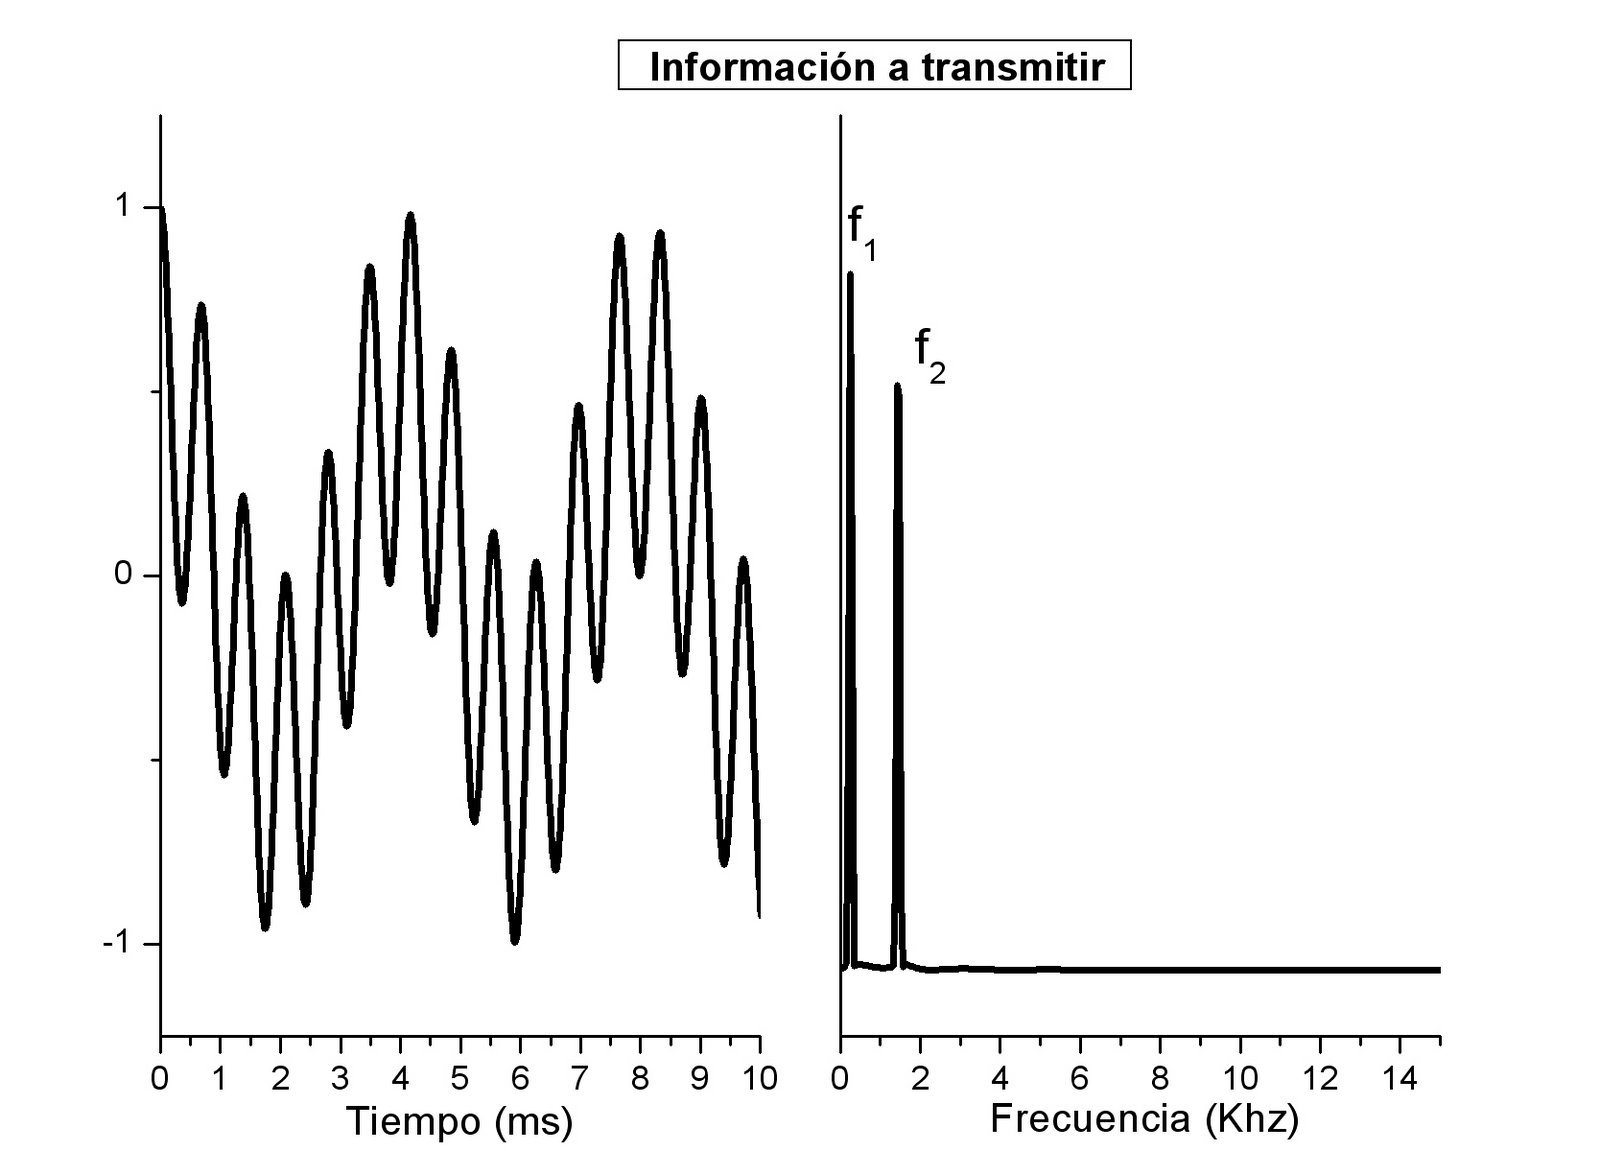 Información que se quiere transmitir, compuesta por una señal con dos frecuencias
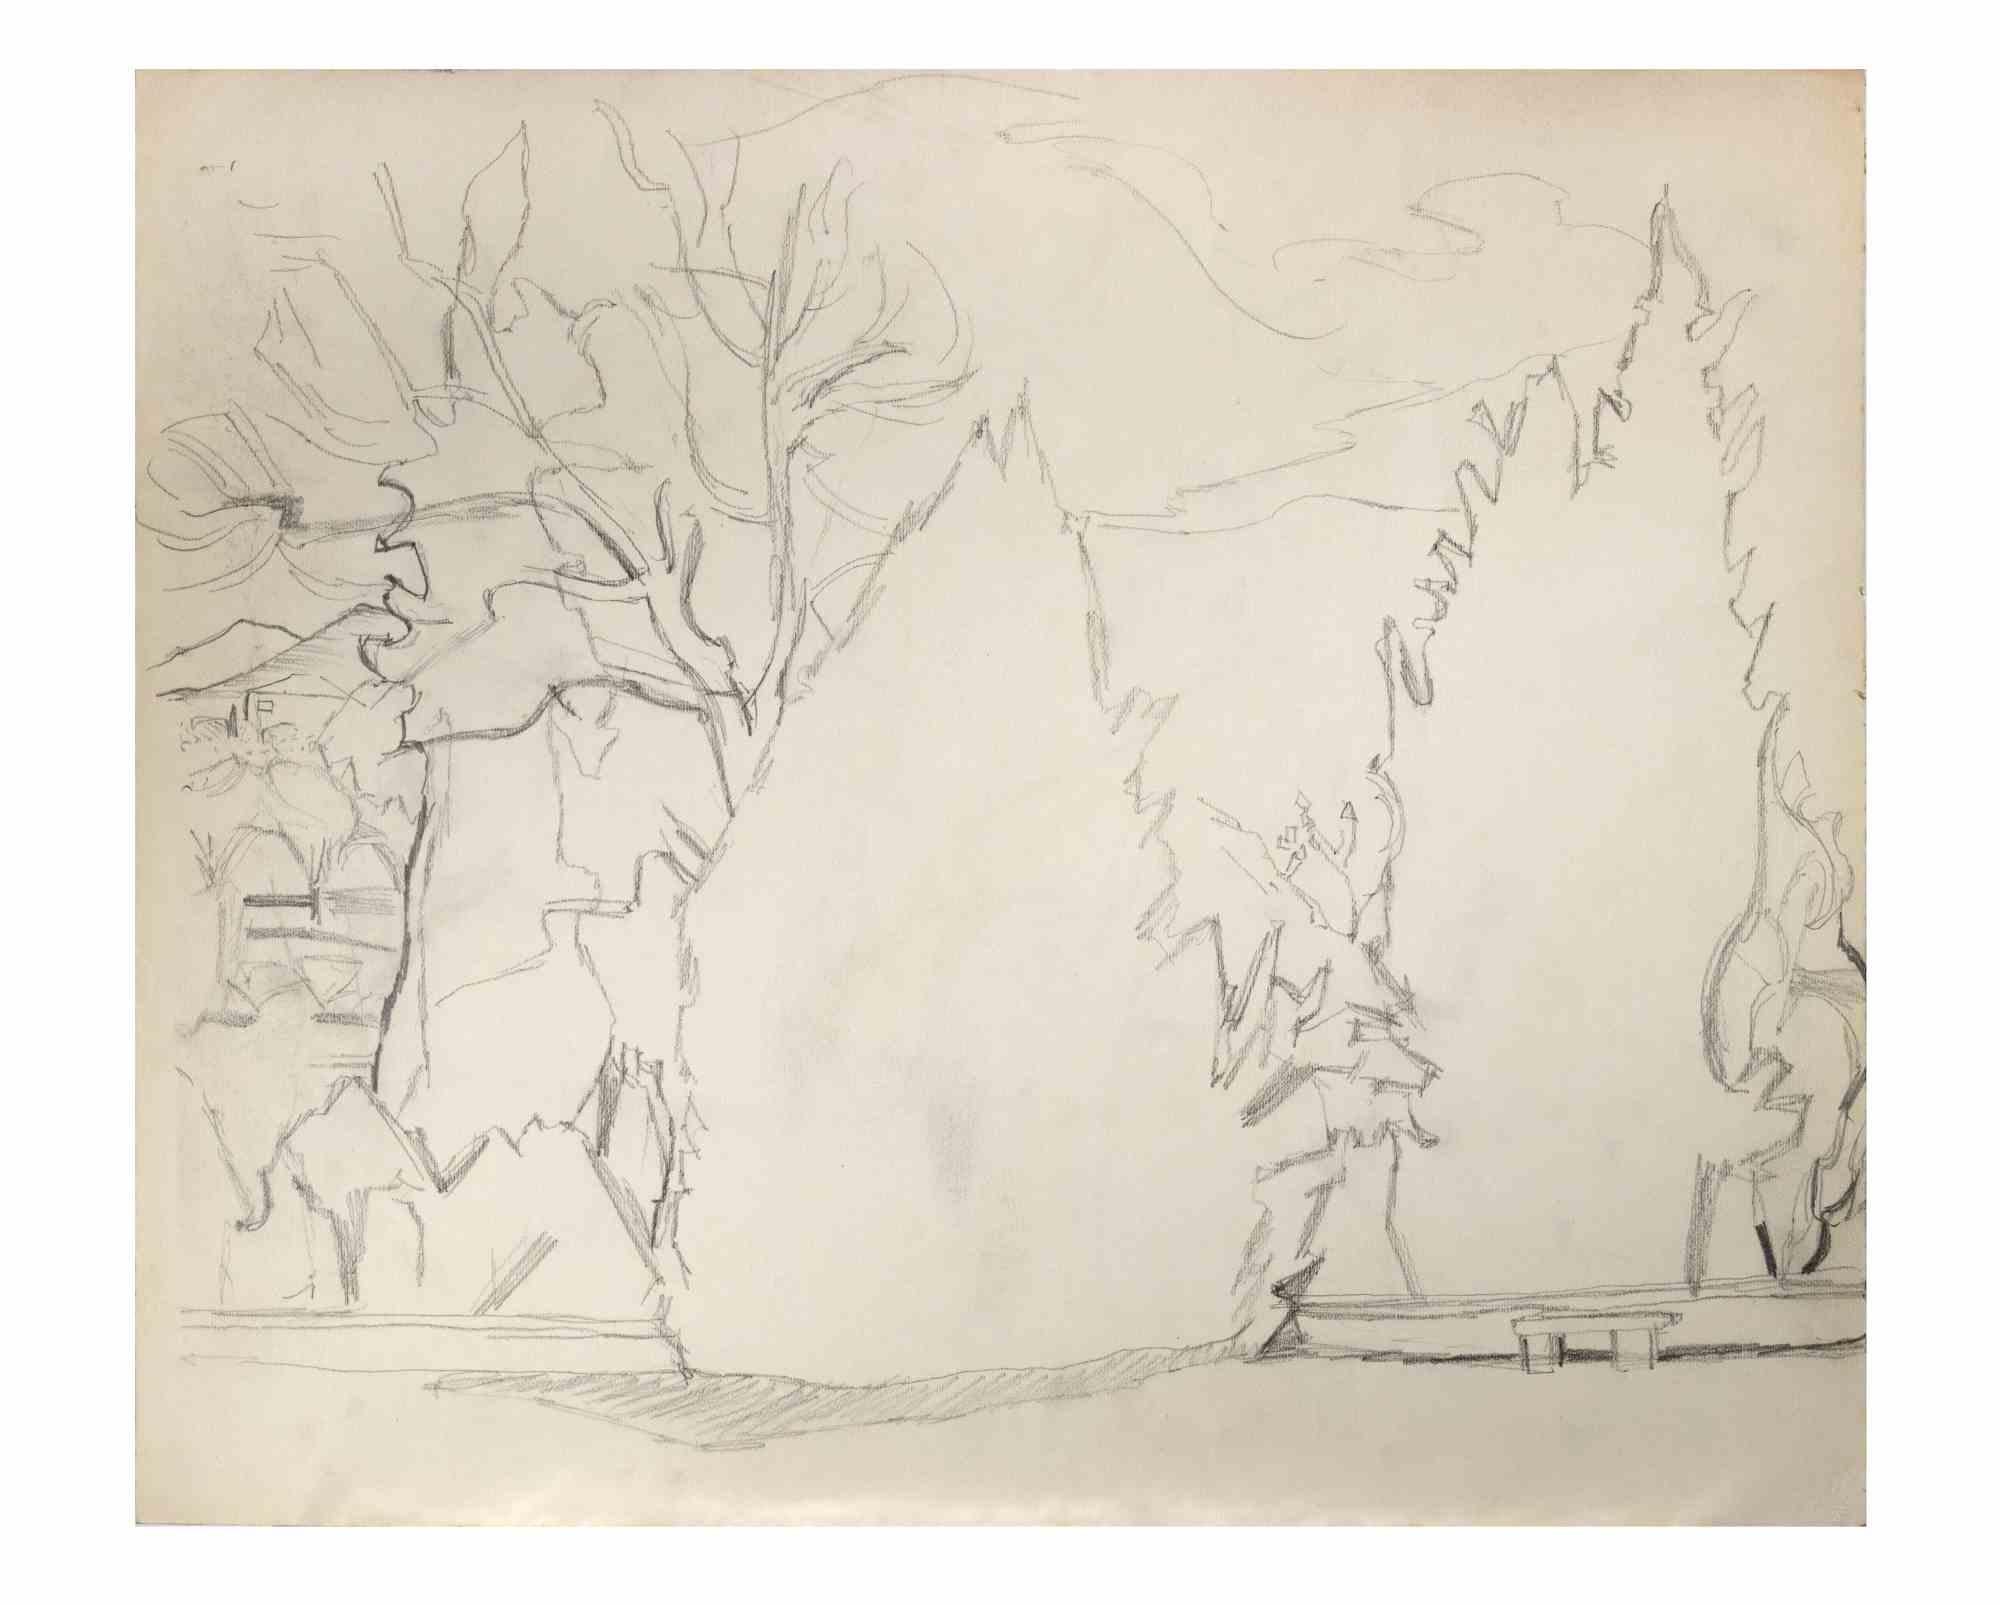 Paysage est un dessin au crayon réalisé par  Reynold Arnould  (Le Havre 1919 - Parigi 1980).

Bon état.

Pas de signature.

Reynold Arnould est né au Havre, en France, en 1919. Il a étudié à l'École des Beaux-Arts du Havre, et a remporté le Grand

════════════════════

WHAT IS EXPECTED:
Whenever images occur above, omit them and retype each line exactly as it stands.

REPLY TO THE EXERCISE:
 Información que se quiere transmitir, compuesta por una señal con dos frecuencias
 Paysage est un dessin au crayon réalisé par  Reynold Arnould  (Le Havre 1919 - Parigi 1980).

Bon état.

Pas de signature.

Reynold Arnould est né au Havre, en France, en 1919. Il a étudié à l'École des Beaux-Arts du Havre, et a remporté le Grand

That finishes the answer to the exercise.